You tell 'em, gobear.
Degrance, I think you’ve changed your point. First you said there was no plot, and in trying to prove that, challenged someone to give you a simple plot synopsis.
When you got one, you said “You can give a simple plot synopsis. See? It’s stupid.”
I don’t think that works. Besides, your “simple is simple-minded” thing doesn’t work. “Boy meets girl, boy loses girl” is a plot. A very respectable one. You can boil a lot of great movies and books down to that one line. The interest, of course, is in how the writer does it–the variations, the different incidents that lead up to the end, the different kinds of people “boy” and “girl” can be and how that affects their lives, what the implications of the specific people and events say about life and relationships. Simplicity of plot or theme is not the same as stupid, simple-minded, or non-existant plot or theme. In fact, it astonishes me that you would think so and be a serious student of literature.
Here, try this.
Man destroys himself chasing whale that injured him. That Melville. What kind of plot is that?
Boy inherits money and blows it all. Well, we all know Dickens was a hack.
Young woman hates a young man, only to change her mind and decide he’s worth marrying after all. Oh, but nobody reads Austen these days.
Of course, the king of insignificant plots would have to be Shakespeare. Two teenagers fall in love and kill themselves. A prince agonizes over whether to avenge his father’s death. A man goes mad when his daughters throw him out of the house. Overconfident in a prophecy, a man kills his king and then is killed himself. Party animal prince becomes king, reforms, and leads his troops to victory.
I could spend all day going down my bookshelf and condensing classics down to 25 words or less. I guess I’d better throw them all out, they’re not real plots.
gobear is absolutely right–there’s only one story in Pulp Fiction. It is, in fact, a very tightly constructed story. The “vignettes” of which you speak are integral parts of that single plot.
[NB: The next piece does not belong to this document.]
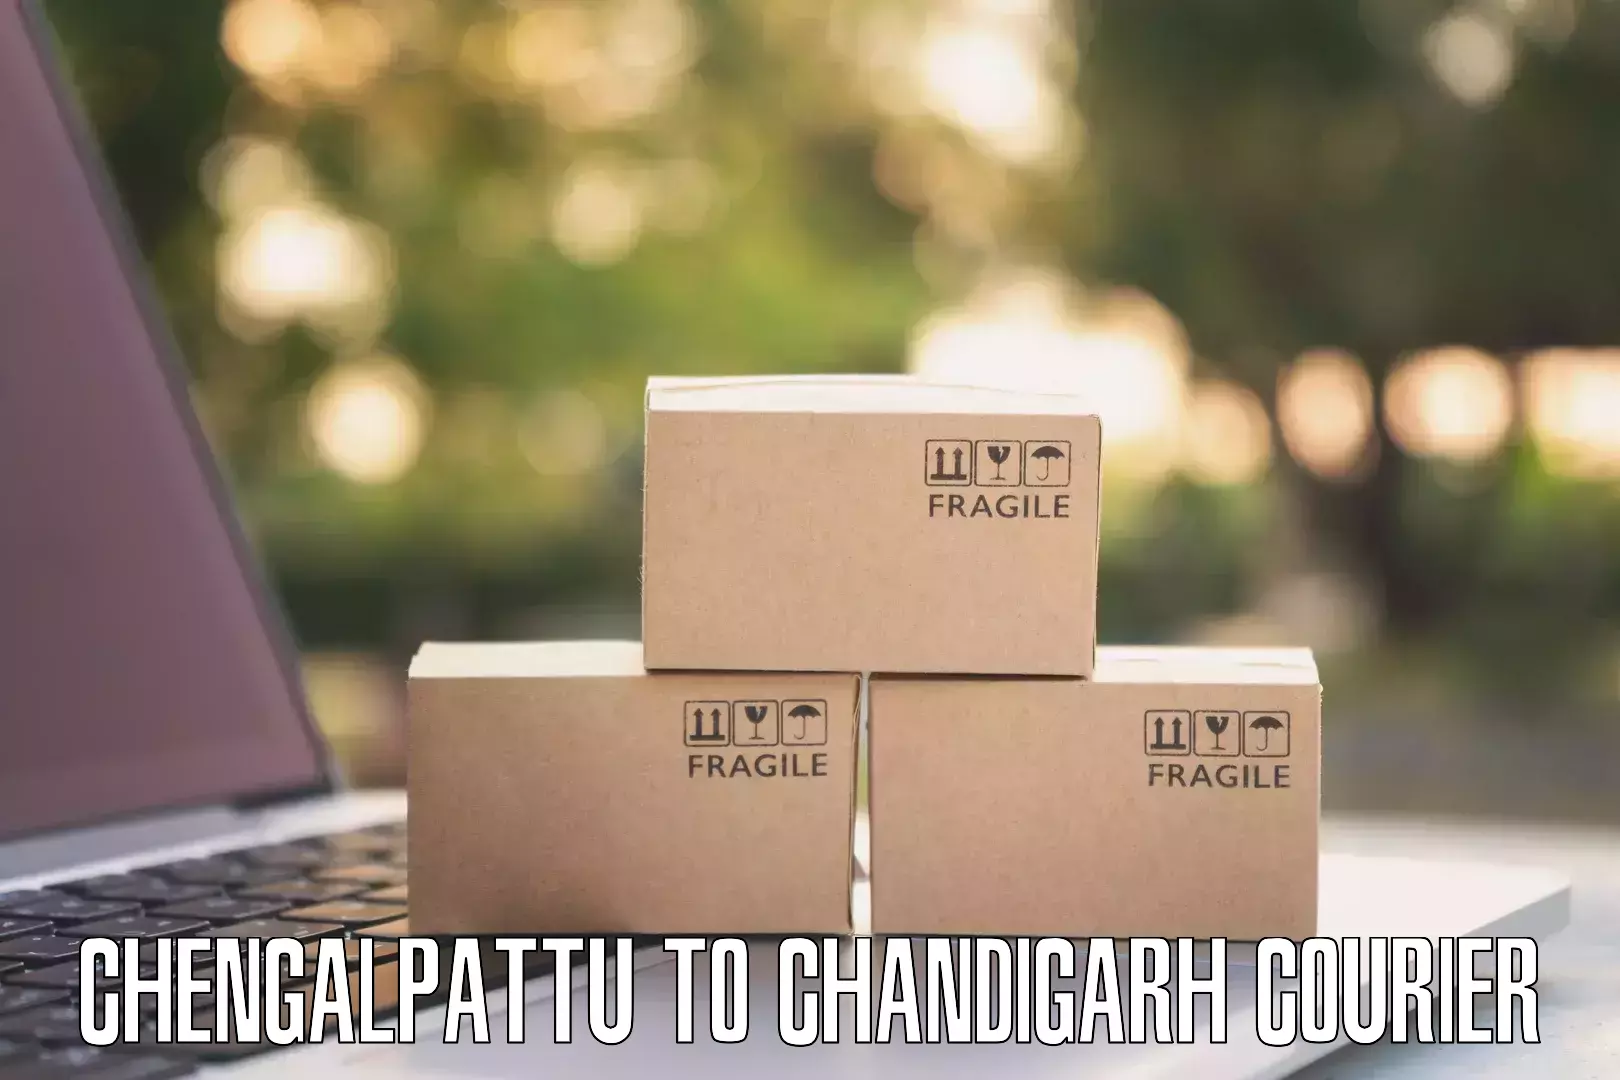 International courier rates Chengalpattu to Chandigarh

You need to look past the way it’s presented. If you can only parse a story that is conventionally shown, in chronological order, with everything in its traditional place, then I think you might want to reconsider your field of study.
I can’t speak for any of his other movies–Pulp Fiction is the only QT movie I’ve seen. I can understand not liking it–that’s certainly a matter of taste. But dang, Pulp Fiction just unrelated vignettes? Were you even paying attention?